▸ WHAT IS REQUIRED
The data should be written out in full, exactly as it stands, and the pictures dropped.

===== PROVIDED DATA

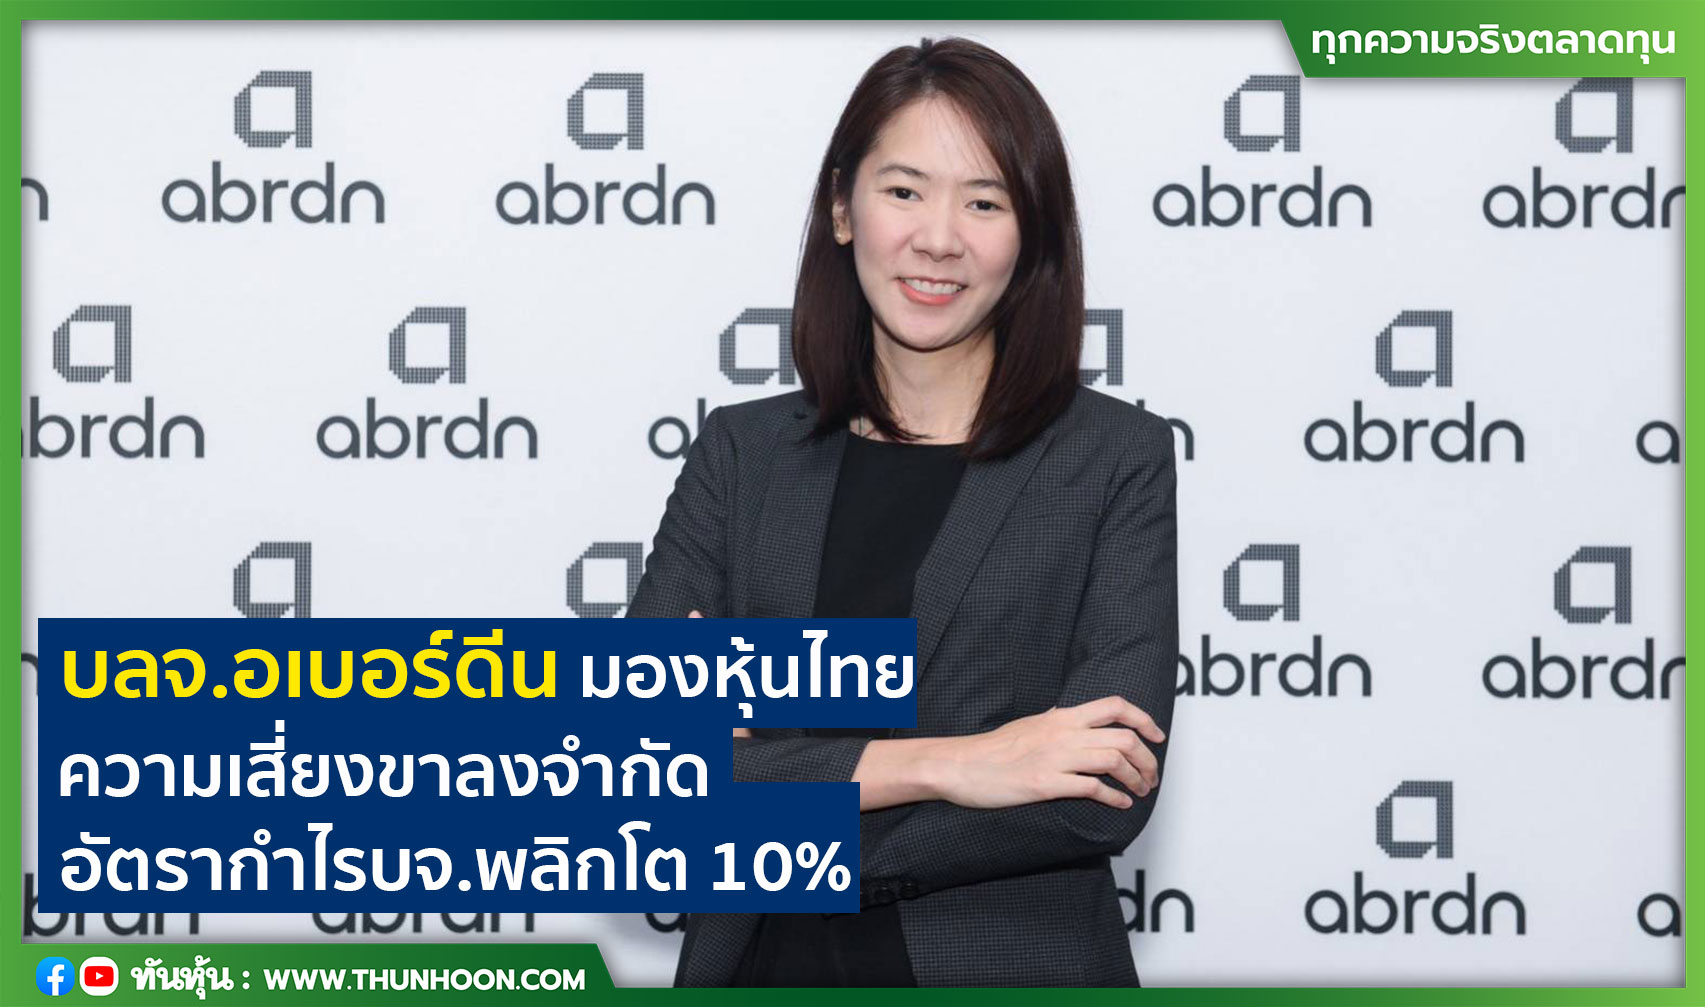 บลจ.อเบอร์ดีน มองหุ้นไทย ความเสี่ยงขาลงจำกัด  อัตรากำไรบจ.พลิกโต 10%
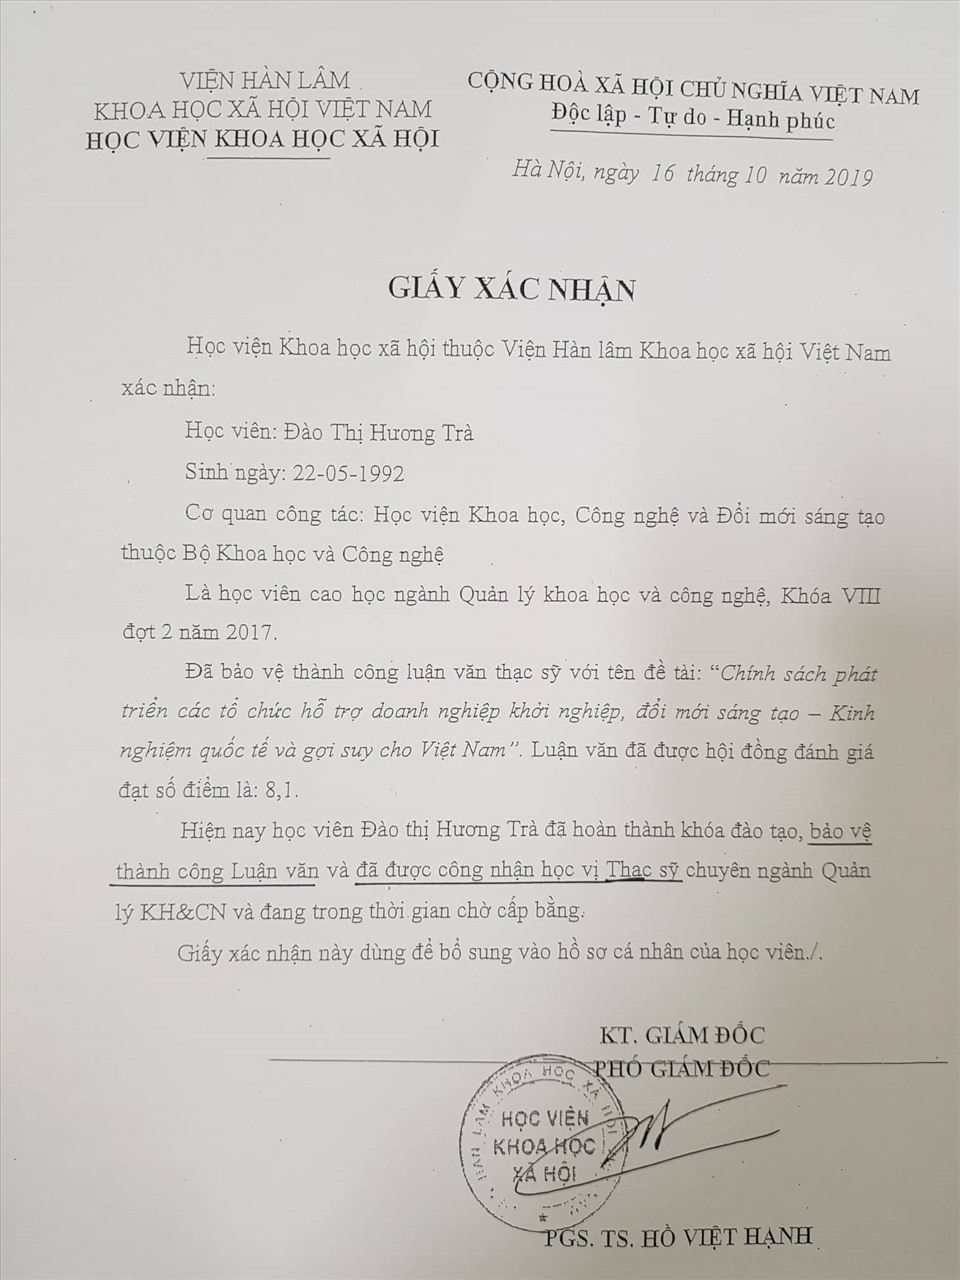 Ngày 16.10.2019, Học viện Khoa học Xã hội đã xác nhận bà Đào Thị Hương Trà đã được công nhận học vị Thạc sĩ song thực tế ngày 11.11.2019 bà Trà mới được cấp bằng. Ảnh: D.T
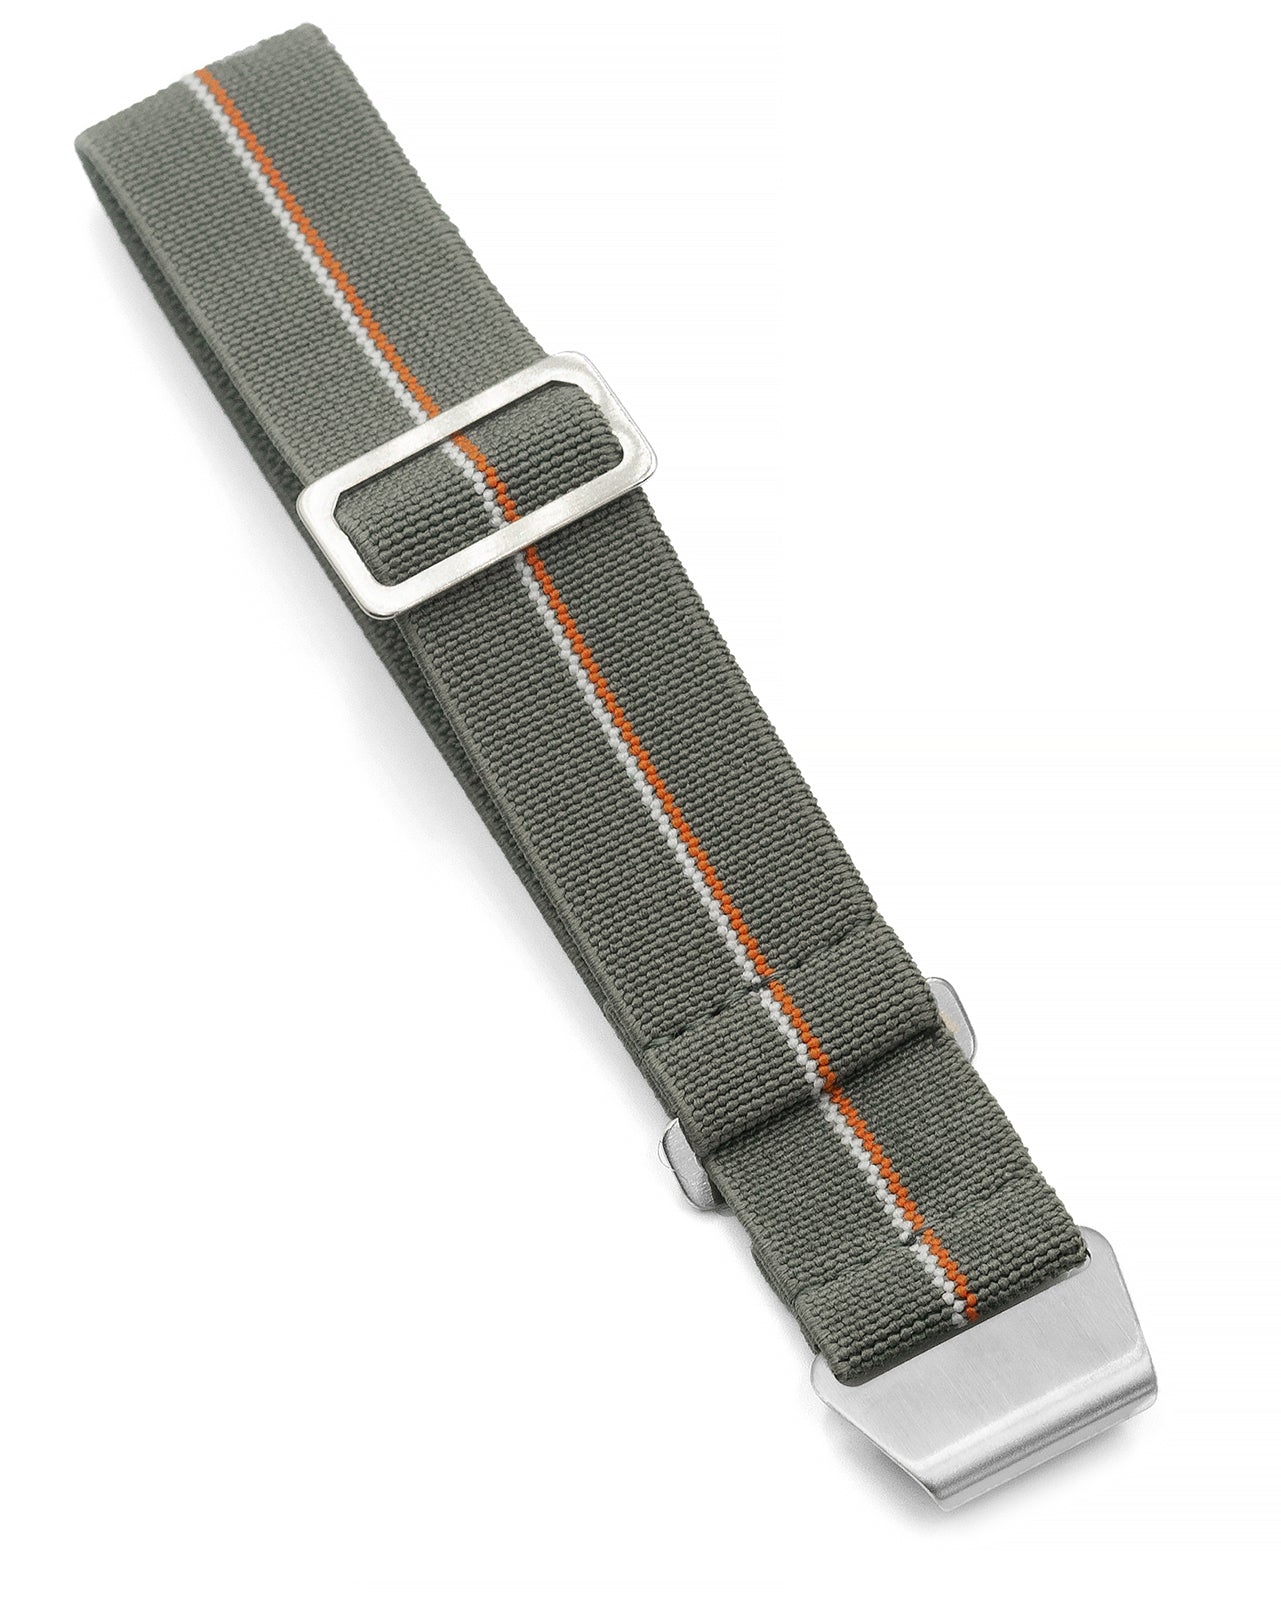 PARA Elastic - Sage Grey with Orange + White Stripes

==========

▸ RESULT FOR THIS EXERCISE
 บลจ.อเบอร์ดีน มองหุ้นไทย ความเสี่ยงขาลงจำกัด  อัตรากำไรบจ.พลิกโต 10%
 Ngày 16.10.2019, Học viện Khoa học Xã hội đã xác nhận bà Đào Thị Hương Trà đã được công nhận học vị Thạc sĩ song thực tế ngày 11.11.2019 bà Trà mới được cấp bằng. Ảnh: D.T
 PARA Elastic - Sage Grey with Orange + White Stripes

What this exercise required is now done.